BLYTHEWOOD – During the Academy Awards Sunday evening, Blythewood native Michelle Eisenreich, the visual effects producer for film company Double Negative, and her team won an Oscar for their work on the film, ‘First Man.’
And that wasn’t her first Oscar. Her team also won one last year for ‘Blade Runner 2049.’ It was a success she couldn’t have dreamed of when she arrived in Los Angeles in 1999 with a brand new degree in film from Florida State University. She was looking for a job, any job she could get in the film industry, short of acting.
“I was much too shy to act,” Eisenreich recalls.
She took the first job she was offered – a production assistant at Hammerhead Productions, a small visual effects company where her first assignment was a key role in creating the visual effects for the movie X-Men.
While Eisenreich said she’d never thought of herself as a visual effects person, she apparently was one. A good one.
“I was always interested in both the creative side of filmmaking and the technical, so, by chance, visual effects turned out to be a really good fit to combine both,” she told The Voice in a phone interview from her home in Vancouver, earlier this week.
The Oscar wins, Eisenreich said, are important to her both professionally and personally.
“It’s a great honor, of course, but it’s also very fulfilling on a personal level. I’ve been in the industry for a very long time. It’s a difficult industry – a lot of long hours, a lot of sacrifices. There‘s not much personal time,” she said. “When you’re on a project, everything’s about the project. It’s a big commitment, so it’s nice to be recognized.”
In her role as the visual effects producer, Eisenreich is responsible for the budget, the scheduling, putting the team together and being the main contact for the client whether it’s a studio or a director.”
As a result of her success on ‘First Man,’ Eisenreich has been asked to pull together and oversee a new TV division for her company.
“It’s exciting. Instead of one project at a time, I’m now involved in seven or eight different projects at one time,” she said. “We just finished work on Star Trek Discovery for CBS, which is in its second season, and we’re currently working on a couple of projects for Netflix and Amazon.”
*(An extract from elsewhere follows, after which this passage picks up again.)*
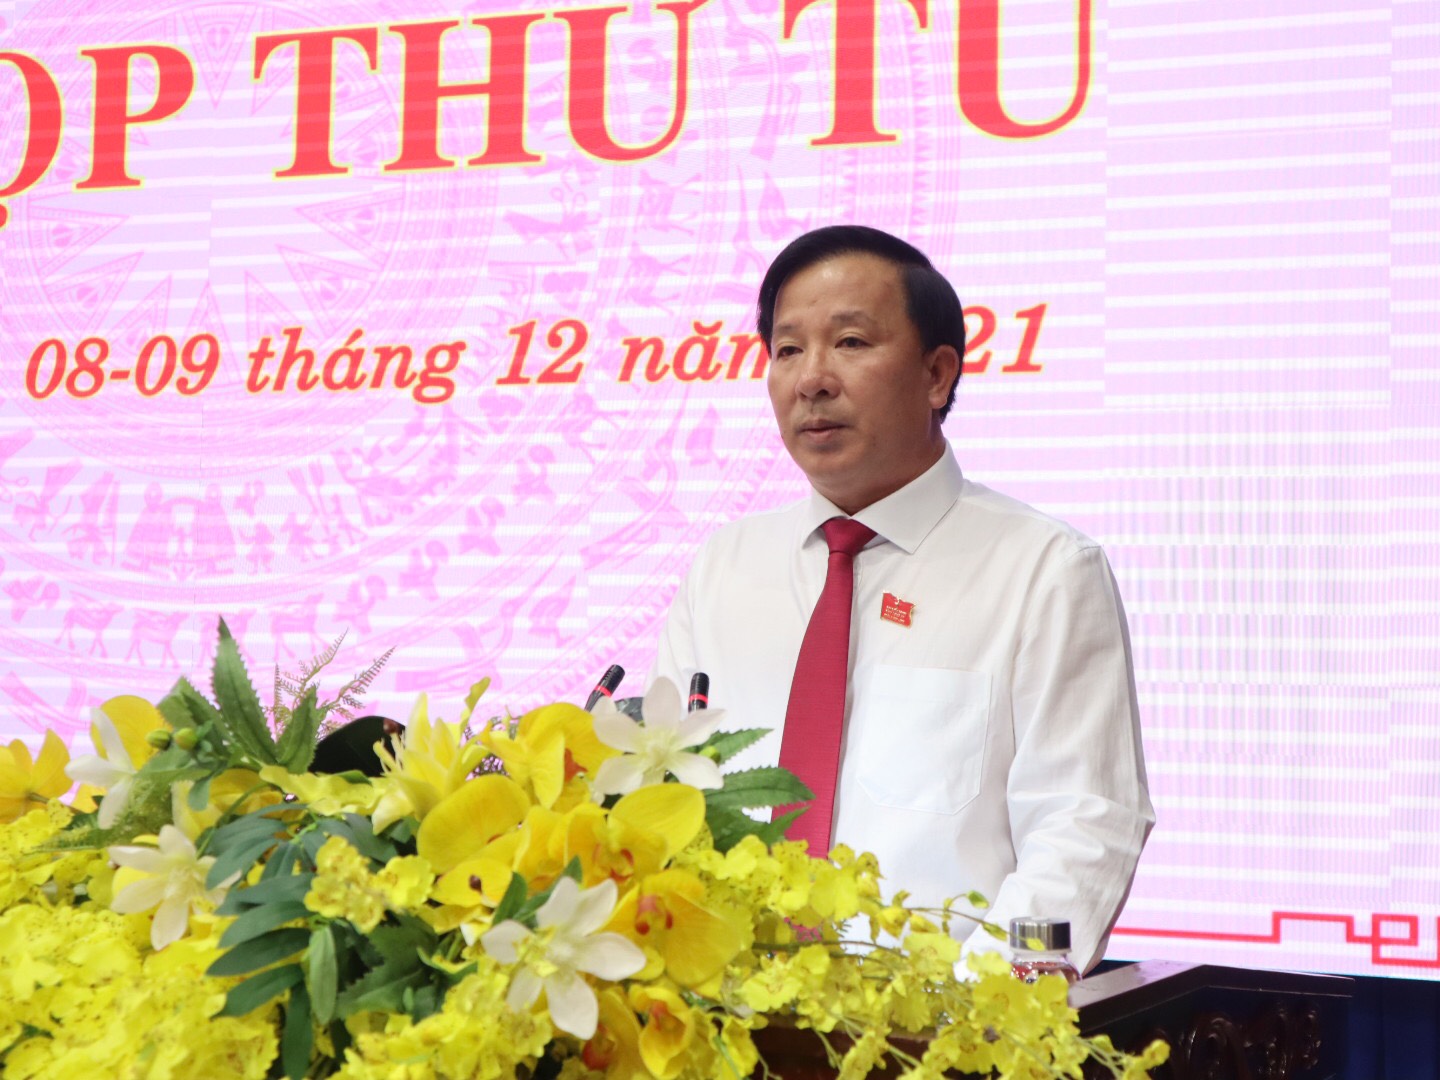 Phó Bí thư Tỉnh ủy, Chủ tịch UBND tỉnh Nguyễn Văn Út trình bày về những giải pháp, định hướng lớn phục hồi và phát triển kinh tế trong trạng thái bình thường mới

One of those projects is a six-part series titled ‘Catch 22,’ with George Clooney which will launch on Hulu early this summer.
“For the next couple of years I think it’s going to be more television than features,” Eisenreich said. “It’s interesting times for sure. Everybody’s trying to get their own streaming systems going to try to catch up with Netflix and Amazon.”
While Eisenreich’s work sometimes takes her on movie locations, she more often works in the studio near her home, which is fine with her.
Now married with two children, son Cooper, 11, and daughter Harper, 9, Eisenreich said she loves living in Vancouver where the seasons change and the view is great.
“Our home backs up to the mountains and the ocean is about 20 minutes away. It’s nice here,” she said.
But Eisenreich said she always loves coming home to visit family and friends. She is particularly looking forward to a trip to Blythewood to help judge the Doko Film festival, April 26 – 28.
“I would have loved to be involved with something like this [film festival] when I was growing up,” she said.